Only The Brave reaffirms its long-term commitment to China with three initiatives that underscore the importance of the Chinese market for the international fashion and luxury group, which brings together the brands Diesel, Jil Sander, Maison Margiela, Marni, Viktor&Rolf, and the companies Staff International and Brave Kid, and holds a stake in the Amiri brand. In addition, founder Renzo Rosso says he will invest further in China.

Renzo Rosso in Shanghai for Diesel’s 20 years in China – OTB

The first initiative is the official opening of its new APAC headquarters in Shanghai, a region where OTB now has 900 employees and around 100 stores, spread across China, Hong Kong, and Macao. Attending the inauguration ceremony, alongside the group’s founder, Renzo Rosso, were the Consul General of Italy in Shanghai Tiziana D’Angelo and Shanghai’s Jing’an District authorities.

The new headquarters boasts double the space of its previous address and is located in the Lee Gardens building. Nestled in the heart of the city’s Jing’an District, it overlooks the scenic Suzhou Creek. According to a statement, the location and expansion of the offices reflect the group’s desire to strengthen its roots in China, as well as to offer the team increasingly modern and functional workspaces and to consolidate relationships with local partners.

The second initiative during Renzo Rosso’s visit to China was a talk for students at Donghua University, one of Asia’s most prestigious design and fashion universities, organised under the patronage of the Consulate General of Italy, Camera Nazionale della Moda Italiana, Altagamma, the Italian Trade Agency, and the Italian Cultural Institute.

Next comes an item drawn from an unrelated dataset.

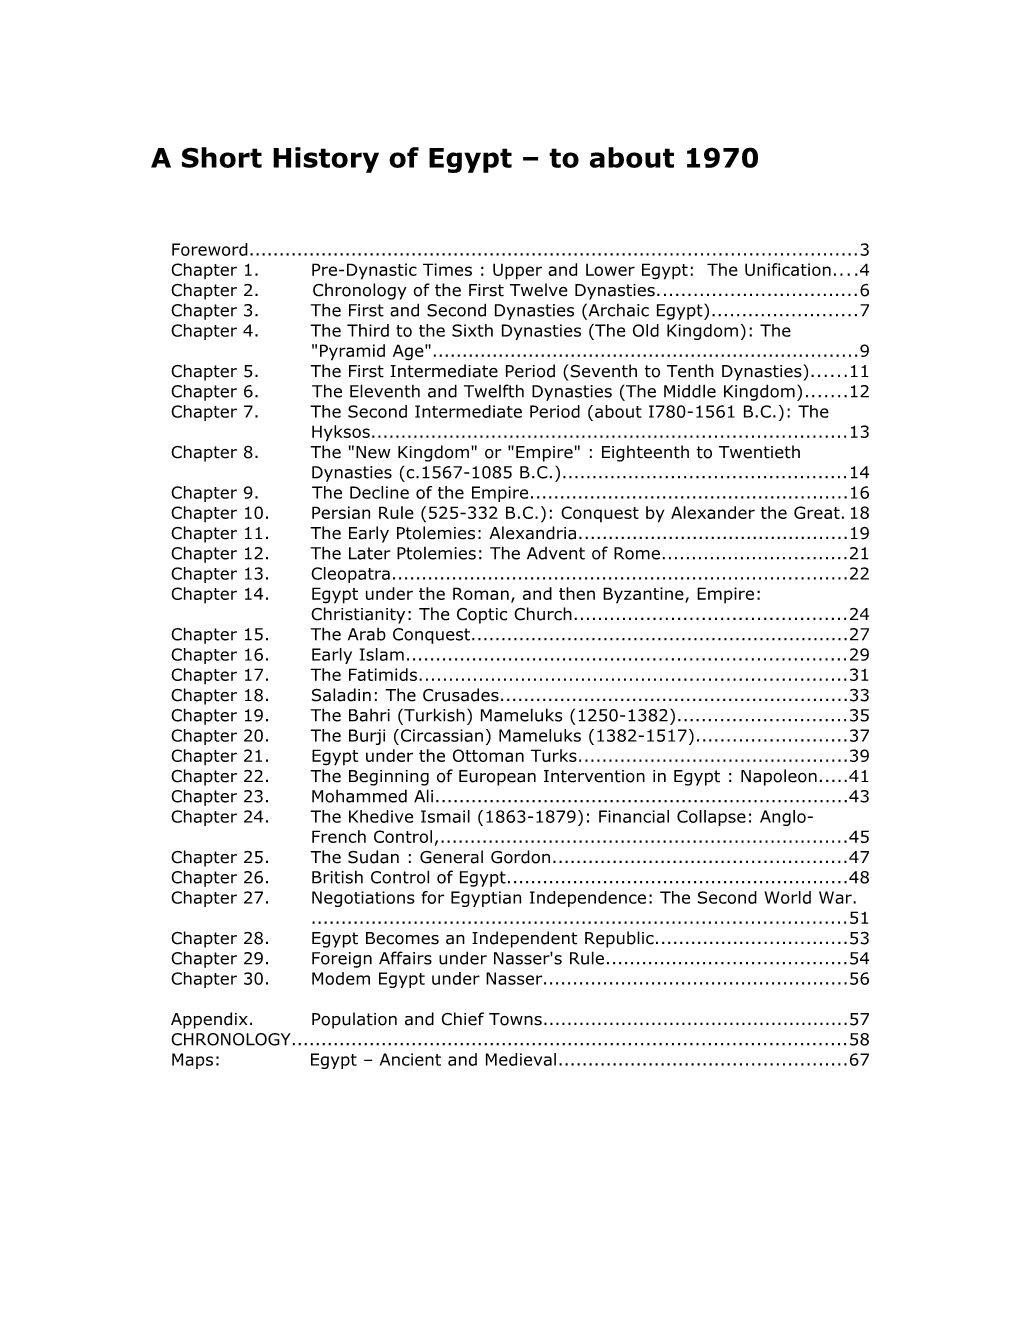 A Short History of Egypt to About 1970

A moment from Rosso's lecture at Donghua University
A moment from Rosso’s lecture at Donghua University – OTB

Third initiative: as 2025 marks the 20th anniversary of Diesel’s presence in China, where the brand has built a recognisable and coherent presence, an event was organised at the Fosun Foundation in Shanghai. The highlight of the event was the launch of a capsule collection titled “Diesel China 20th Anniversary”, designed by Creative Director Glenn Martens.

“China is a country with a unique energy; every time I come back here I am fascinated by its pace, creativity and speed,” said Renzo Rosso. “For our group, China is not only a strategic market, but an inexhaustible source of inspiration. Over the past two decades, we have expanded the presence of our brands and built an authentic dialogue with new generations who share the values of our brands. Our philosophy is to collaborate with local communities to merge brand know-how with the local mindset. The opening of the new Shanghai headquarters, meeting with young talent at Donghua University, and the celebrations of Diesel’s 20th anniversary represent a special moment for me and for the OTB Group […] We will continue to invest in China in the future.”

Shortly before the evening event in Shanghai, Rosso told Reuters that these investments in China will be made by his group despite the decline in the local market, and will take the form of a reorganisation of OTB’s retail presence. The entrepreneur revealed that some stores will be closed, but others will be opened in new and better locations.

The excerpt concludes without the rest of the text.